====== Supplied information ======

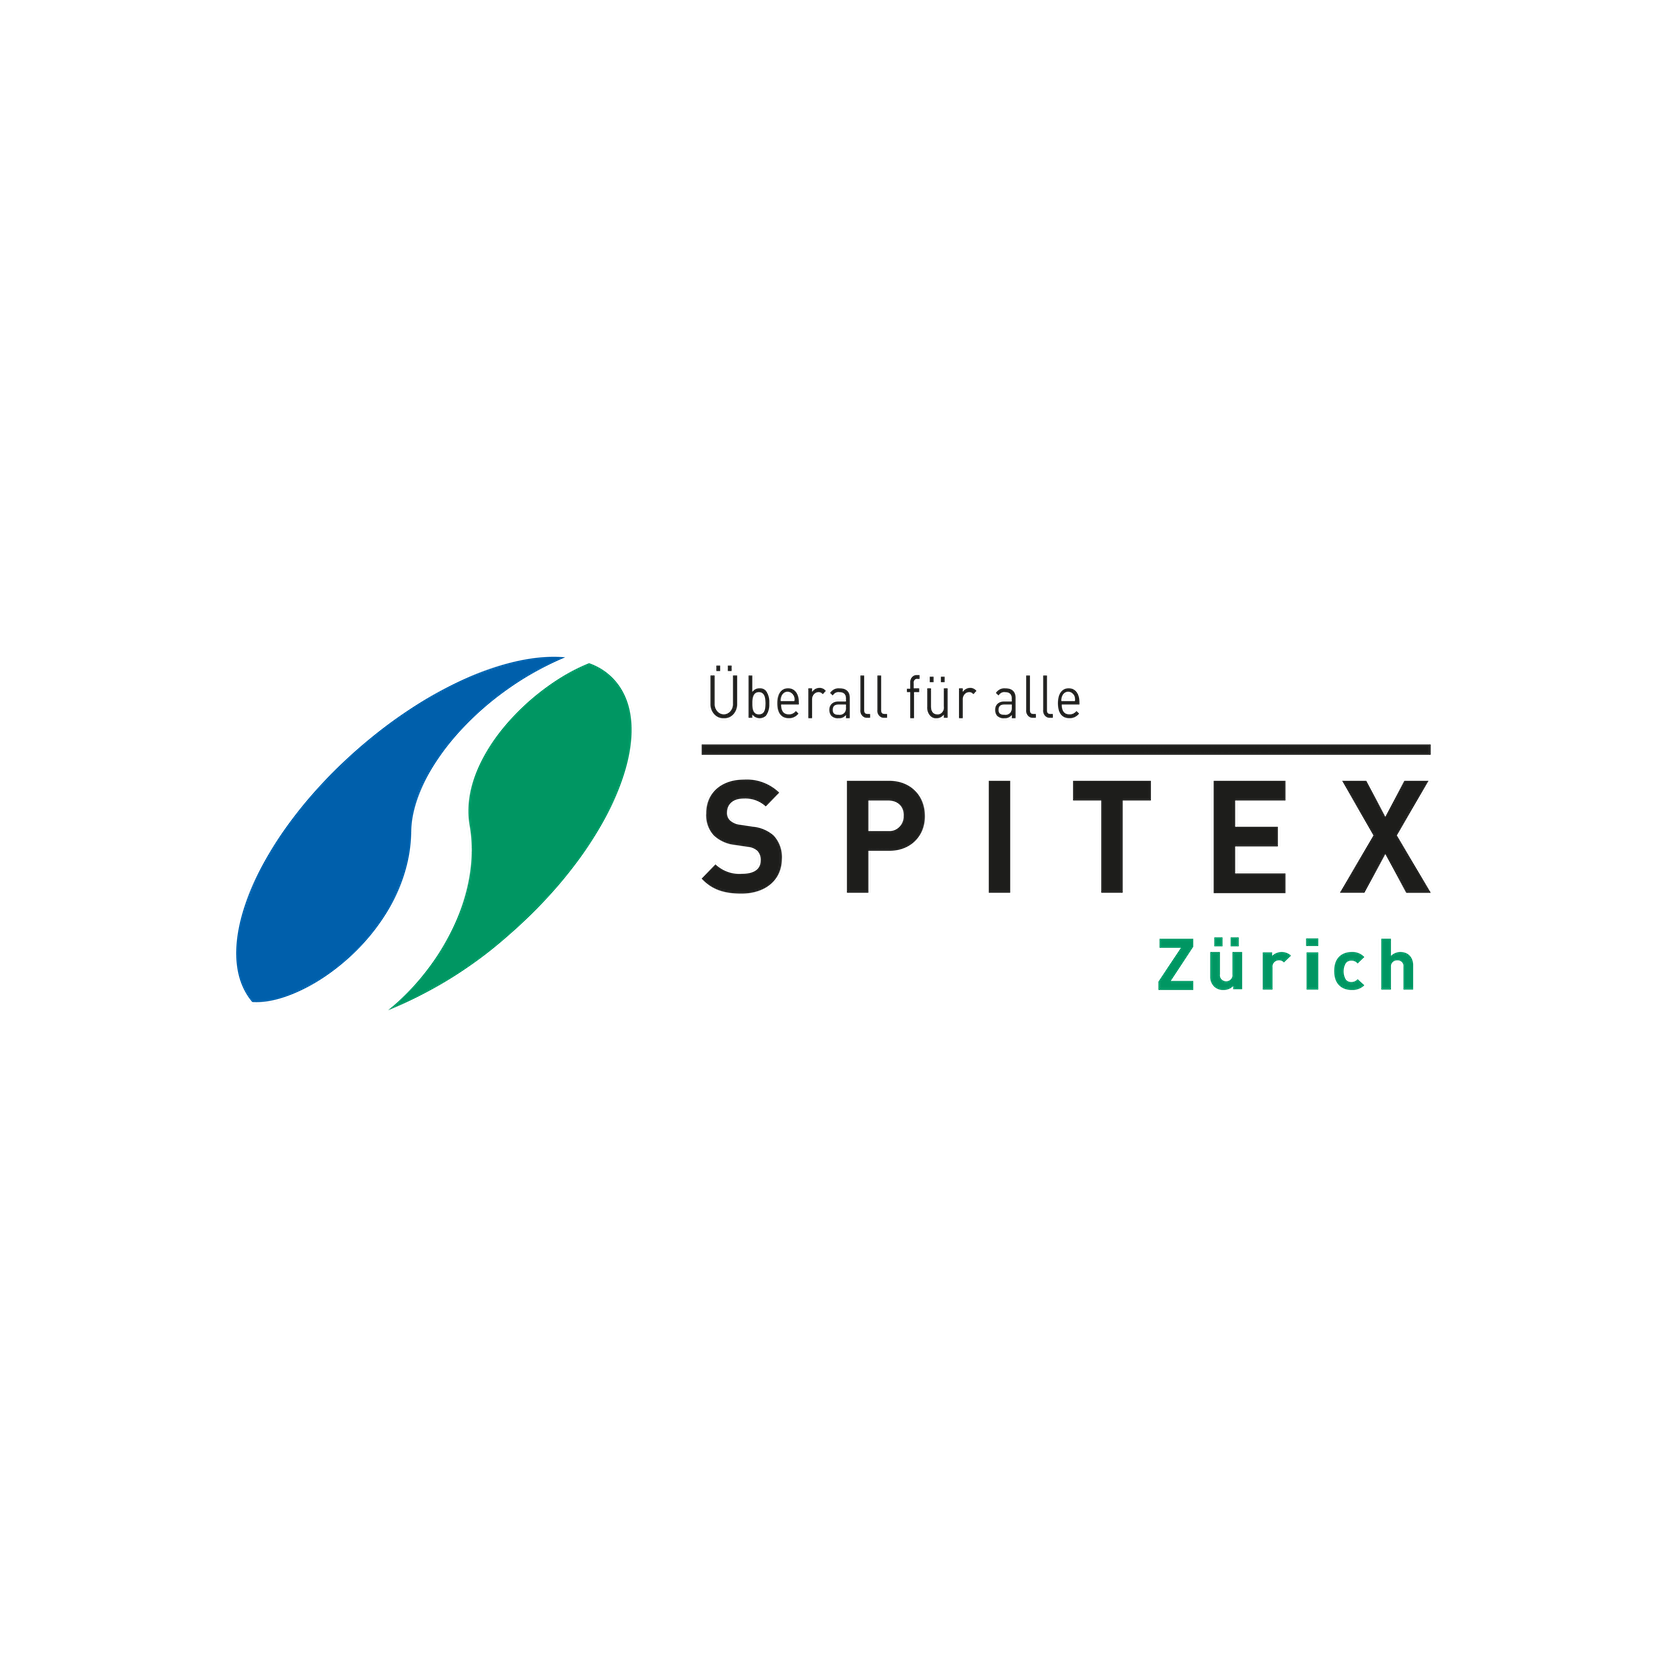 Spitex logo
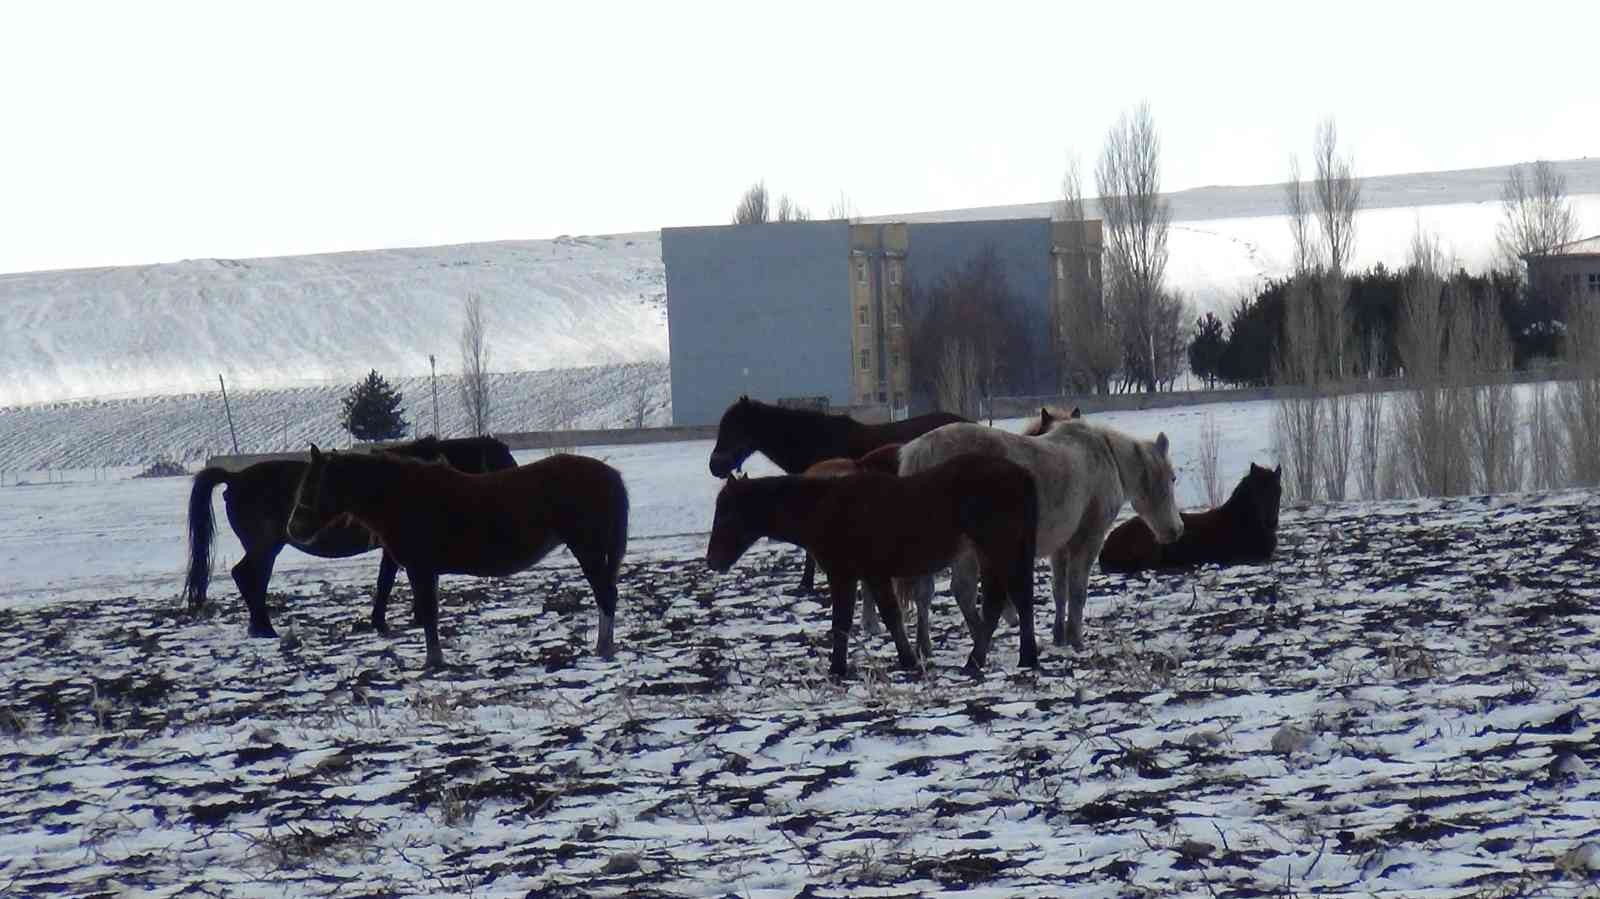 Kars’ta yılkı atları soğukla mücadele ediyor #kars
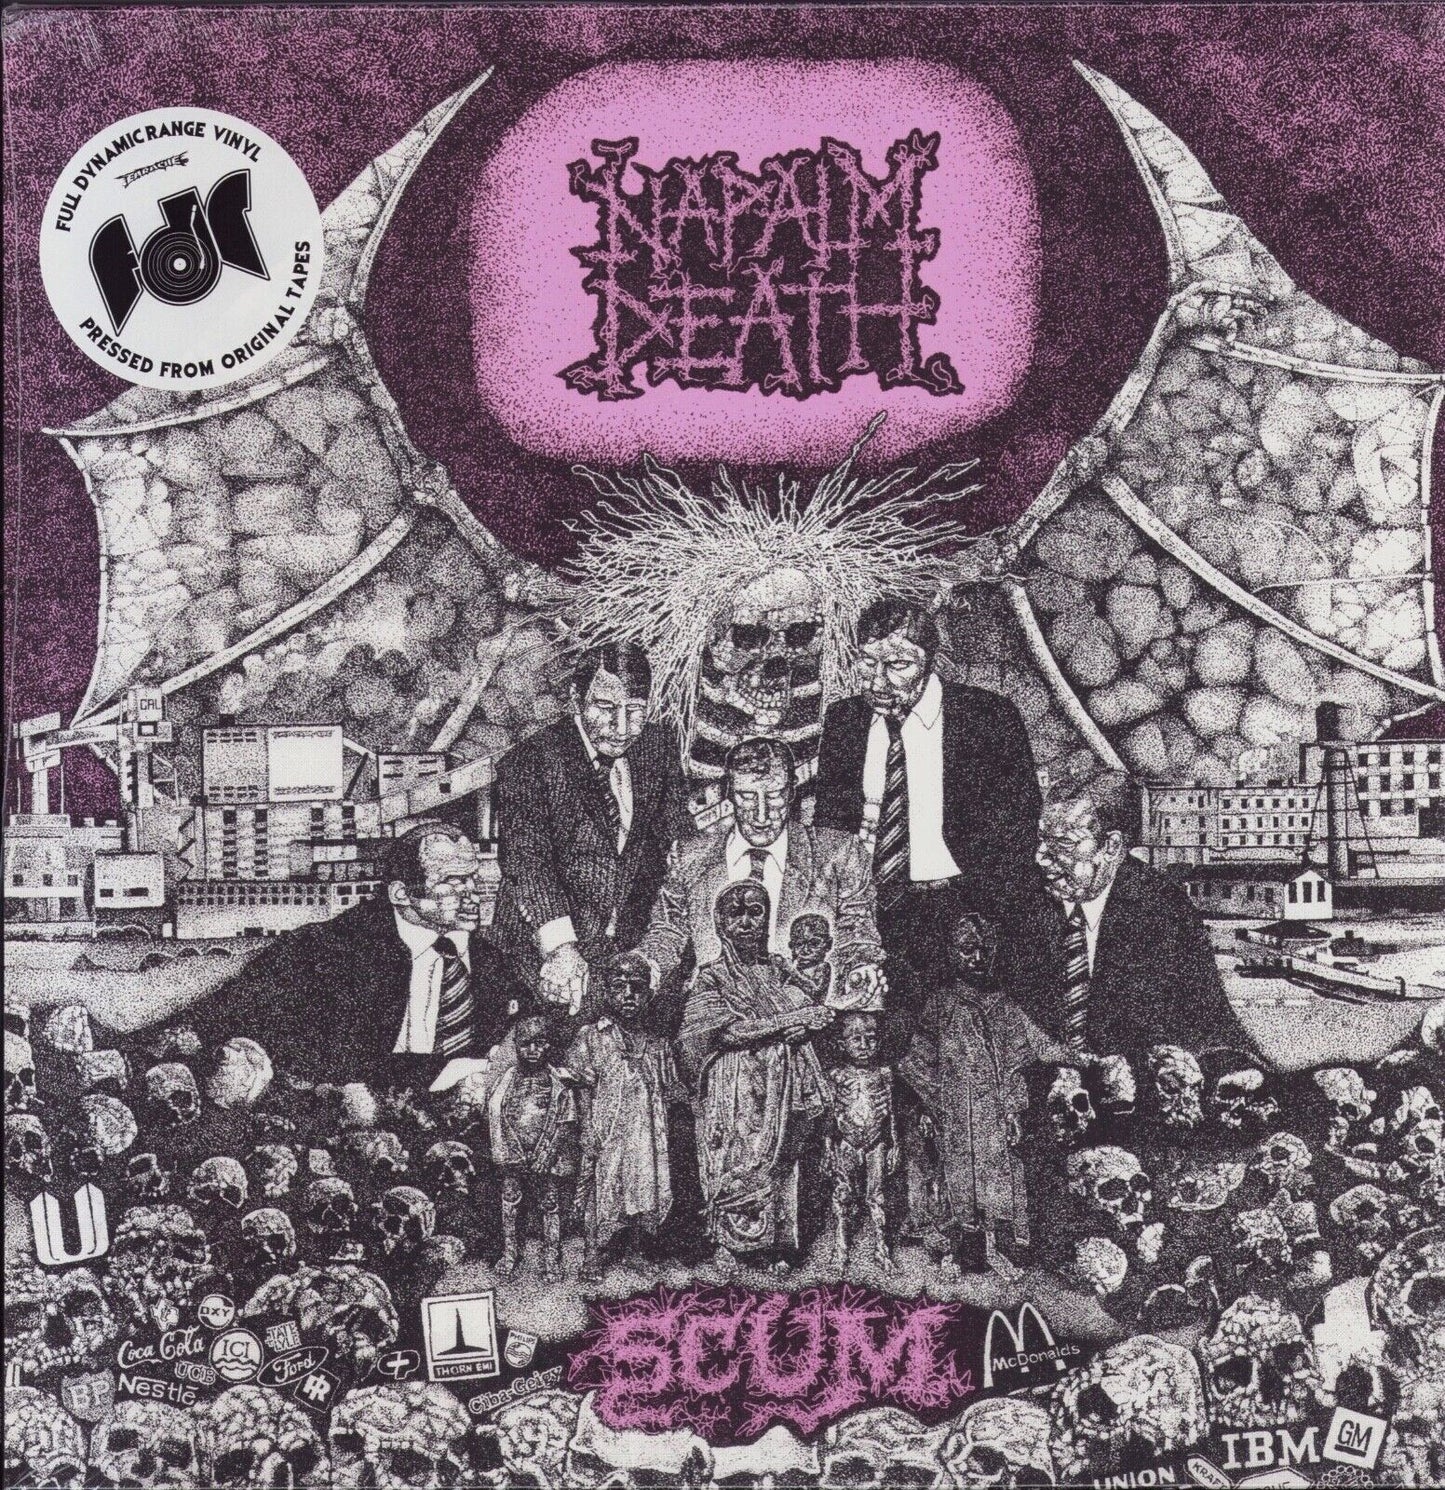 Napalm Death ‎- Scum Vinyl LP Limited Edition
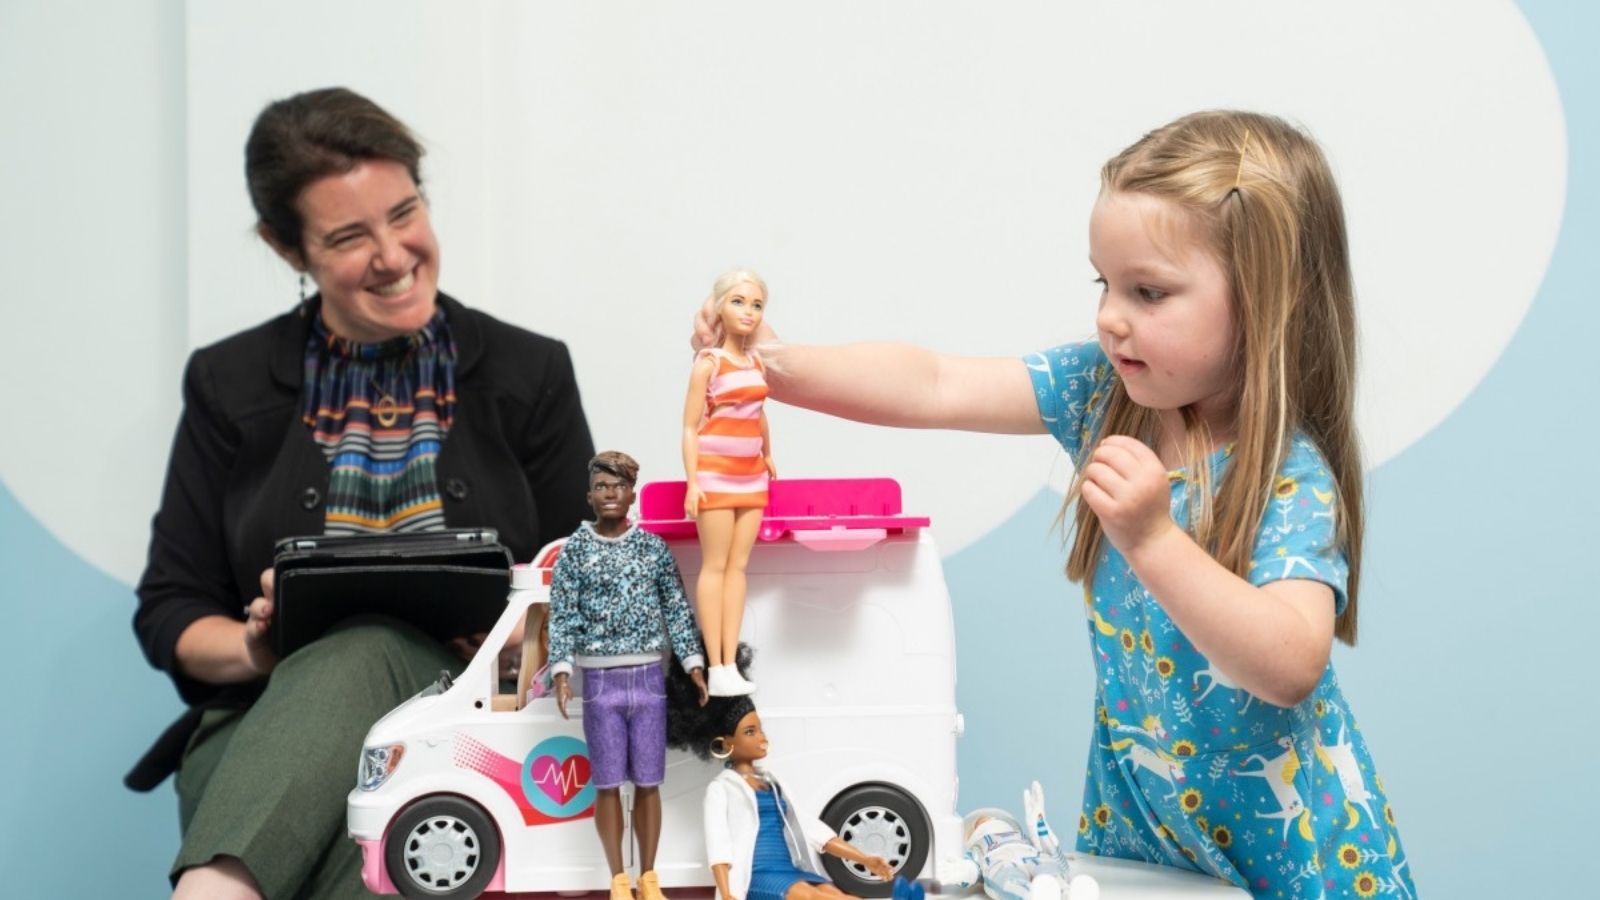 Jak zabawa lalkami może rozwinąć inteligencję emocjonalną? Barbie mediarun mattel badania
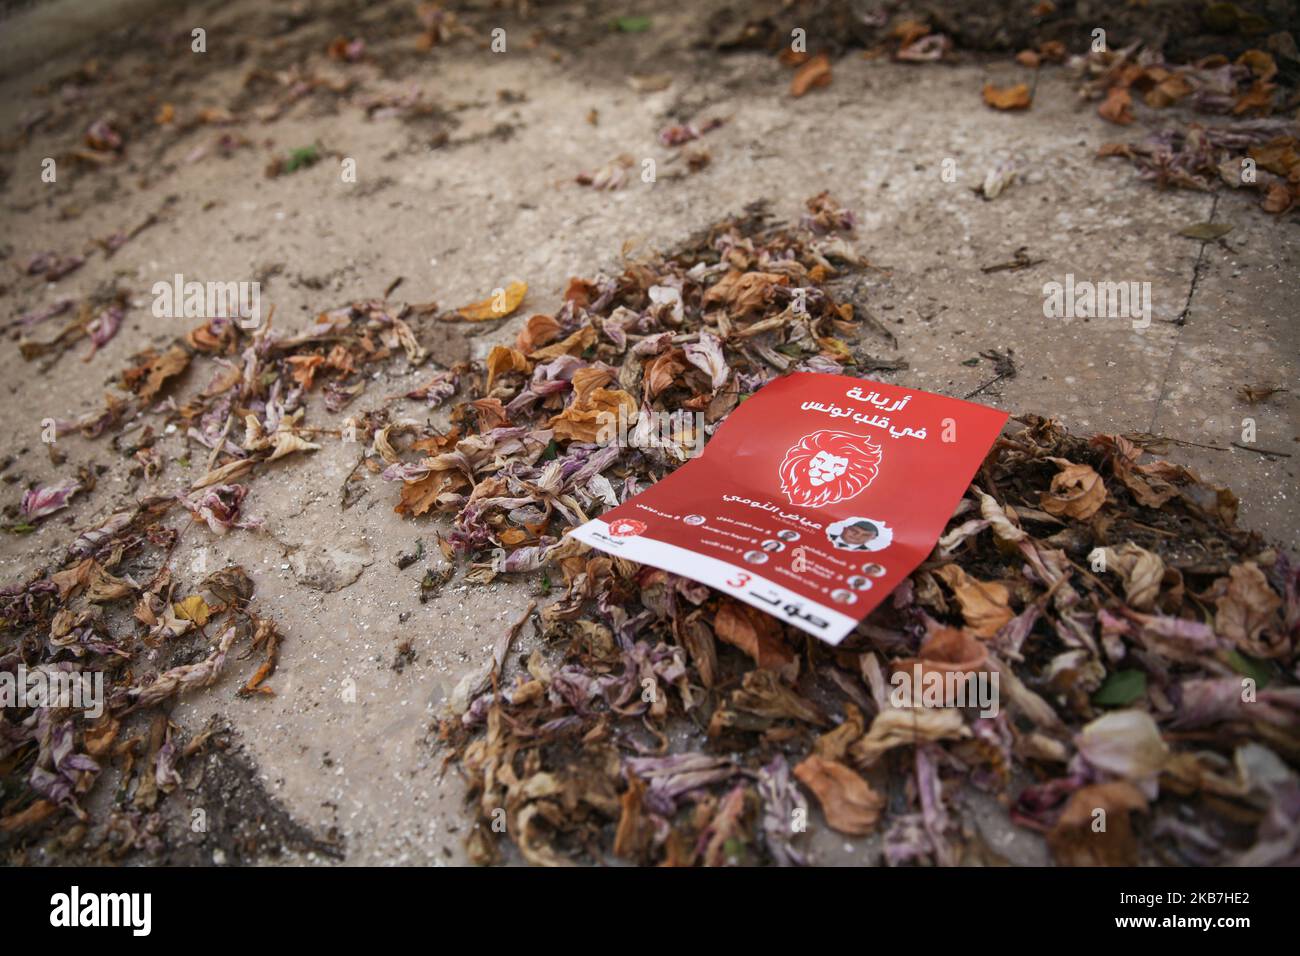 Am 4. Oktober 2019 wurde im nordosttunesischen Ariana ein Wahlzettel der Partei Herz Tunesiens (arabisch: Kalb Tounes) auf den Boden geworfen. Die Parlamentswahlen in Tunesien finden am Sonntag, dem 6. Oktober statt. (Foto von Chedly Ben Ibrahim/NurPhoto) Stockfoto

======

Output a verbatim copy of the lines from the line containing "Napalm Death ‎- Scum" through the end of the data, both included, without any images.

 Napalm Death ‎- Scum Vinyl LP Limited Edition
 Jak zabawa lalkami może rozwinąć inteligencję emocjonalną? Barbie mediarun mattel badania
 Am 4. Oktober 2019 wurde im nordosttunesischen Ariana ein Wahlzettel der Partei Herz Tunesiens (arabisch: Kalb Tounes) auf den Boden geworfen. Die Parlamentswahlen in Tunesien finden am Sonntag, dem 6. Oktober statt. (Foto von Chedly Ben Ibrahim/NurPhoto) Stockfoto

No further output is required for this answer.